Personal information
- Born: June 8, 1986 (age 39) Parksville, British Columbia, Canada
- Height: 6 ft 8 in (2.03 m)
- Weight: 310 lb (141 kg)

Career information
- High school: Ballenas
- College: South Carolina
- CFL draft: 2008: 1st round, 5th overall pick

Career history
- 2009–2010: BC Lions
- 2012–2013: Winnipeg Blue Bombers
- 2014–2018: Edmonton Eskimos

Awards and highlights
- Grey Cup champion (2015); CFL West All-Star (2016);
- Stats at CFL.ca

= Justin Sorensen =

Canadian football player (born 1986)

Justin Sorensen (born June 8, 1986) is a Canadian former professional football offensive lineman who played in the Canadian Football League (CFL). He was drafted by the BC Lions in the first round of the 2008 CFL draft and spent two years with the team before joining the Winnipeg Blue Bombers. After two seasons with the Blue Bombers, he signed as a free agent with the Edmonton Eskimos on February 11, 2014. He earned his first Grey Cup championship as a member of the 103rd Grey Cup champion Eskimos, starting at centre in both the West Final and Grey Cup. He played college football for the South Carolina Gamecocks.
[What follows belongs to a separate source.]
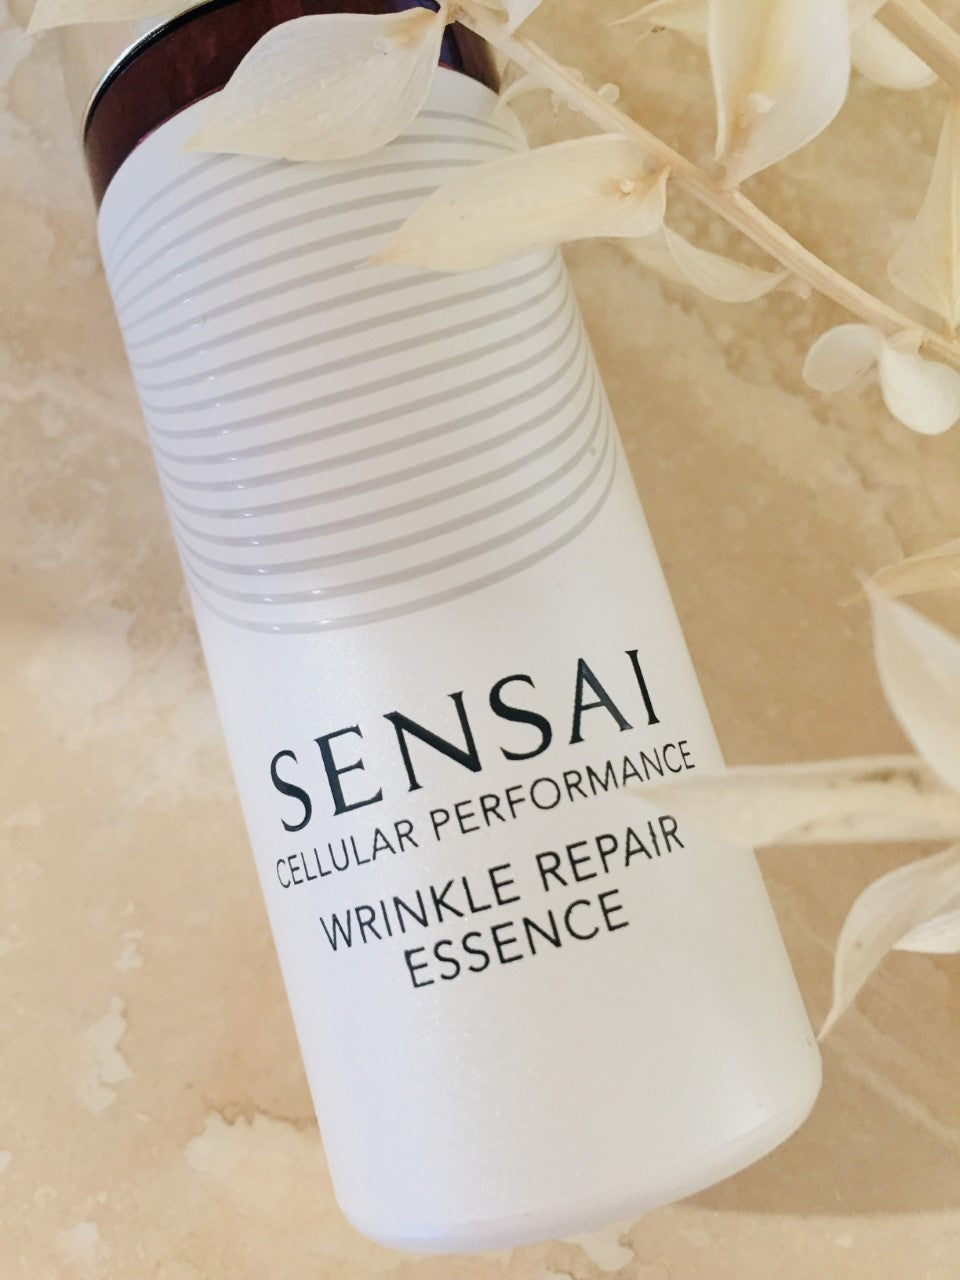 Sensai Cellular Performance Wrinkle Repair Essence

Sorensen attended Ballenas Secondary School, where he was co-team captain for the Ballenas Whalers football team. Justin was widely regarded as the top offensive lineman in BC High School Football and received heavy NCAA D1 interest. Justin was a two-way starter as the top offensive tackle in the league and a solid defensive lineman.